After the studio tour, stop in the gift shop for a soda, coffee or browse the collection of CDs by Sun artists. Admission is $9.50 ($1 off for AAA members). Free parking is in back of the studio (drive here from downtown). Visit www.sunstudio.com for details. 

The Sun tour is about one hour, giving you enough time to tack on a tour of the Gibson Guitar Factory, 145 Lt. George W. Lee Ave., across the street from the Forum and the Rock ‘n’ Soul Museum. See how experienced luthiers craft these legendary instruments, including the custom guitar used by B.B. King, who has played Gibson’s guitars for more than 40 years. The tour is for anyone 12 and older (younger children are not permitted in the factory) and admission is $10. For information, visit www.gibsonmemphis.com.

Stax Museum is a tribute to American soul music and its development. Owners Jim Stewart and his sister, Estelle Axton, started a recording business called Satellite Records in 1957, later moving next door at 926 E. McLemore and renaming the label Stax. The museum opened in 2003.  

Begin your visit with a film explaining the evolution of this music, the history of Stax Records and the influence it had on American culture. The close ties with the Civil Rights Movement were especially interesting. During segregation in the South, Stax was one of the most successful integrated companies in the country.

This is an inspiring tour filled with wonderful music. However, information and music from various media comes at guests from all directions; it’s sometimes hard to focus on a particular exhibit. Still, visitors come away with a good background on Stax, a remarkable company that in just 14 years produced 800 singles, 300 albums, launched careers for artists like Otis Redding and helped further significant cultural changes.

But the story doesn’t stop with one label. Exhibits about artists from Muscle Shoals, Motown, Atlantic and Memphis’ own Hi Records are part of the museum. And like other music museums in Memphis, the gift store has CDs and other items to take home.

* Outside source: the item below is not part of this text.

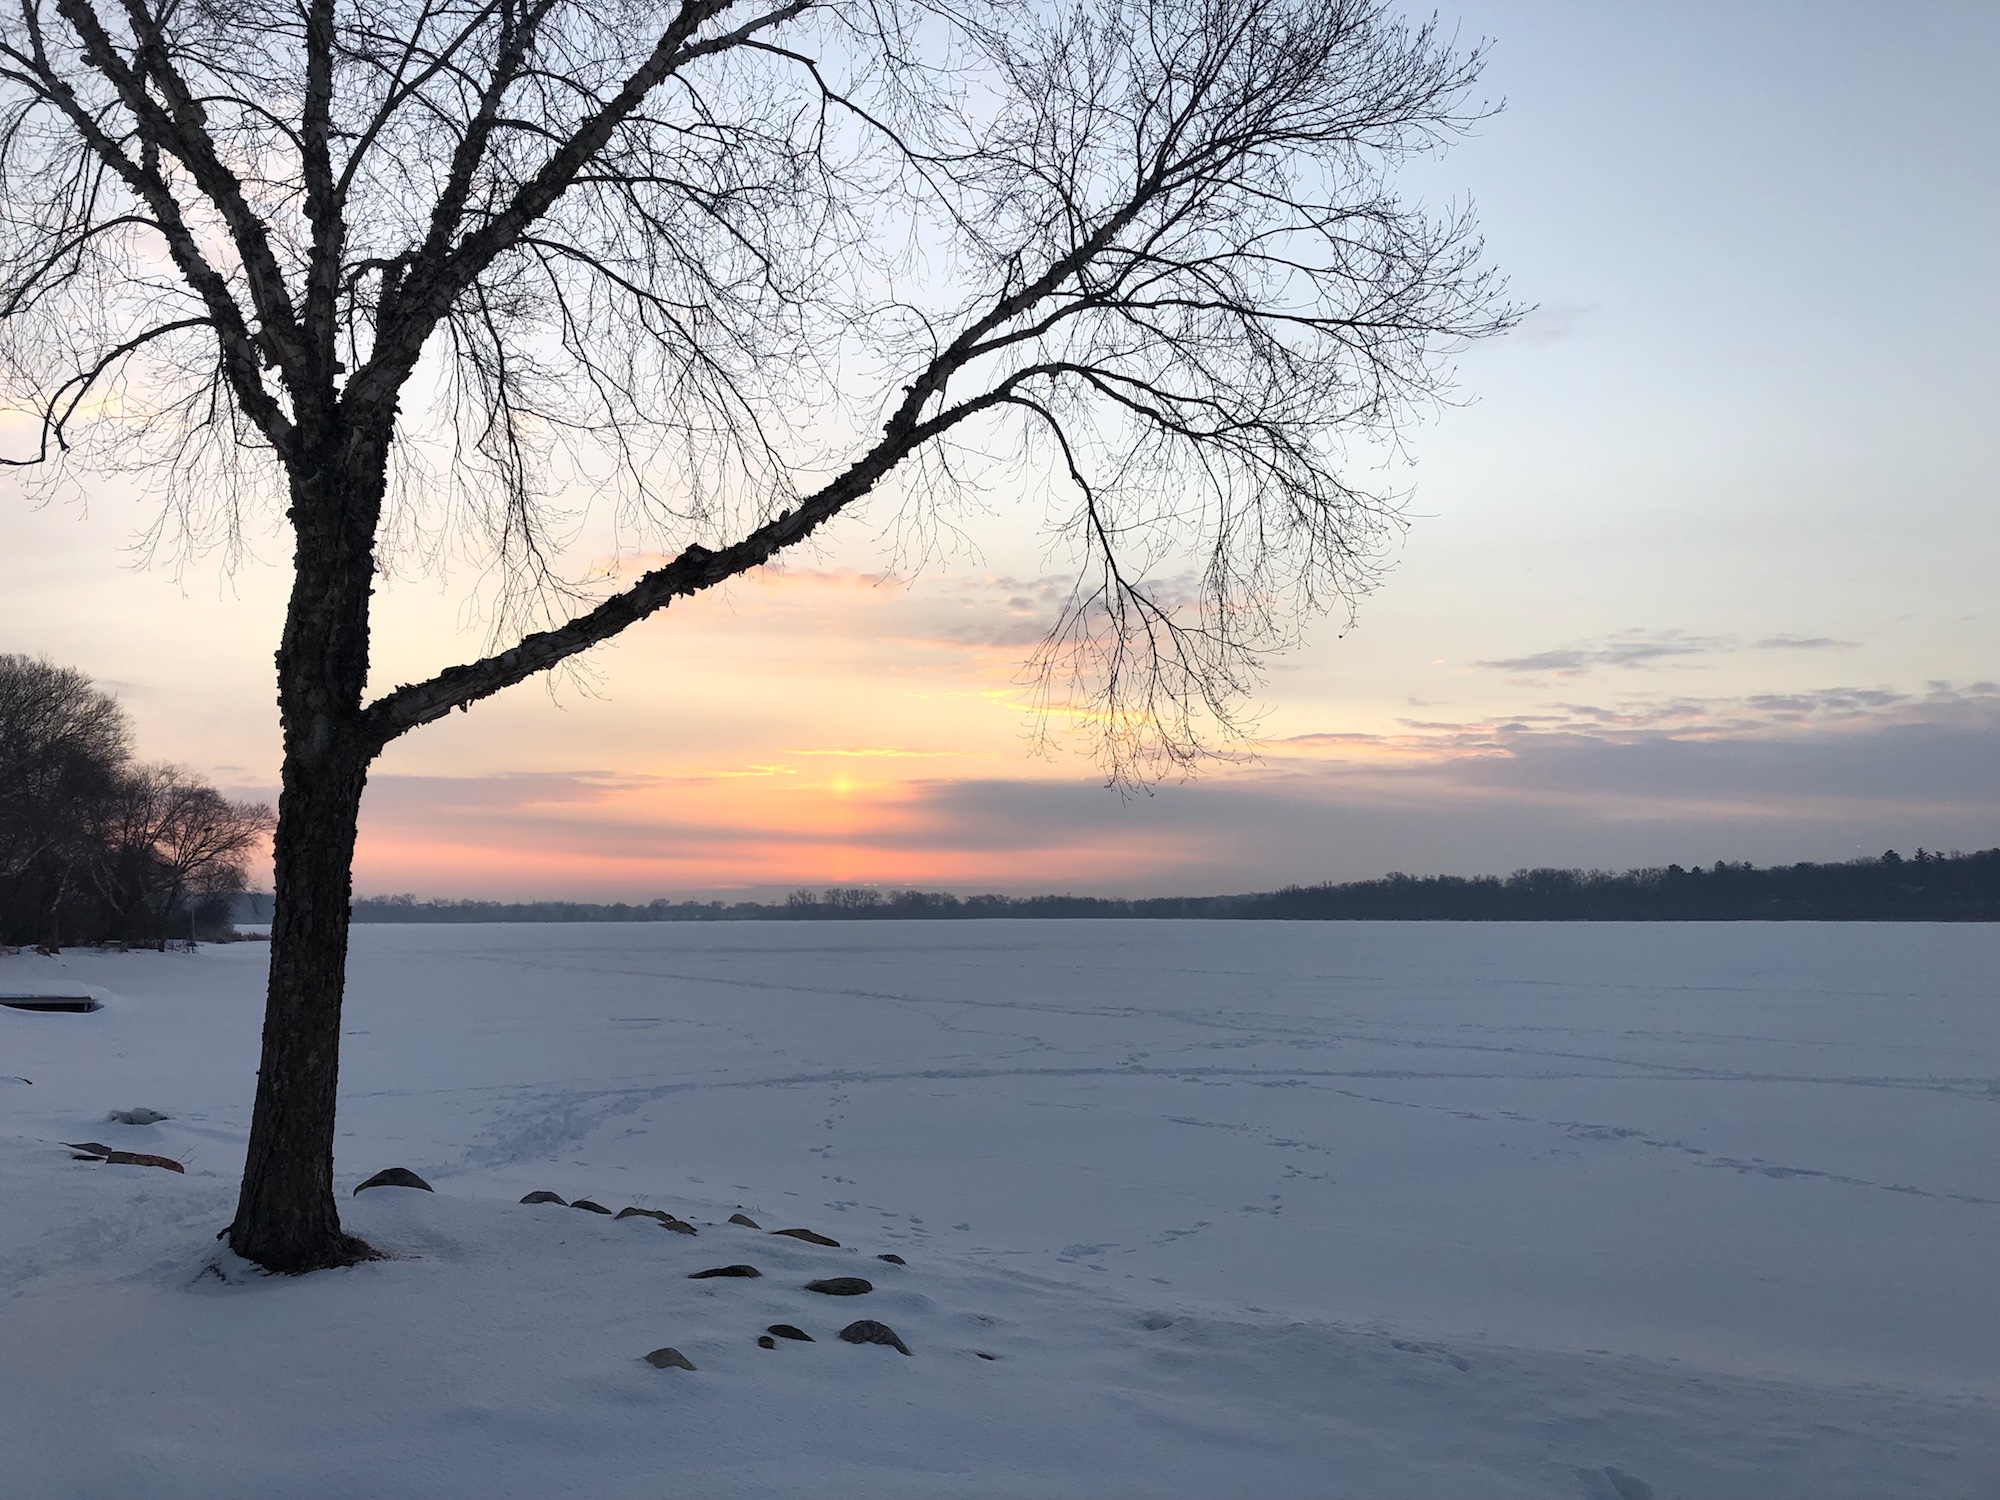 Lake Wingra on February 22, 2019.

Memphis is celebrating 50 years of soul music all year, with a special week of music planned in June. For event details, click on www.memphissoul50.com.

Evening entertainment

After the ballgame, walk to historic Beale Street to hear some of the best blues, R&B, soul and jazz music. Popular blues bars–B.B. King’s Blues Club and Rum Boogie Café–pack in the crowds. Outstanding house bands almost guarantee a good time. Other choices for music include King’s Palace, which features various jazz artists and award-winning gumbo. Click on www.bealestreet.com for a list of nightspots, restaurants and events.

Where to stay and eat

If music is the soul of Memphis, the Peabody Hotel is an example of the city’s spirit. Unmatched hospitality, gracious accommodations, superior dining and a storied history make this AAA four Diamond hotel one of the greatest in the South.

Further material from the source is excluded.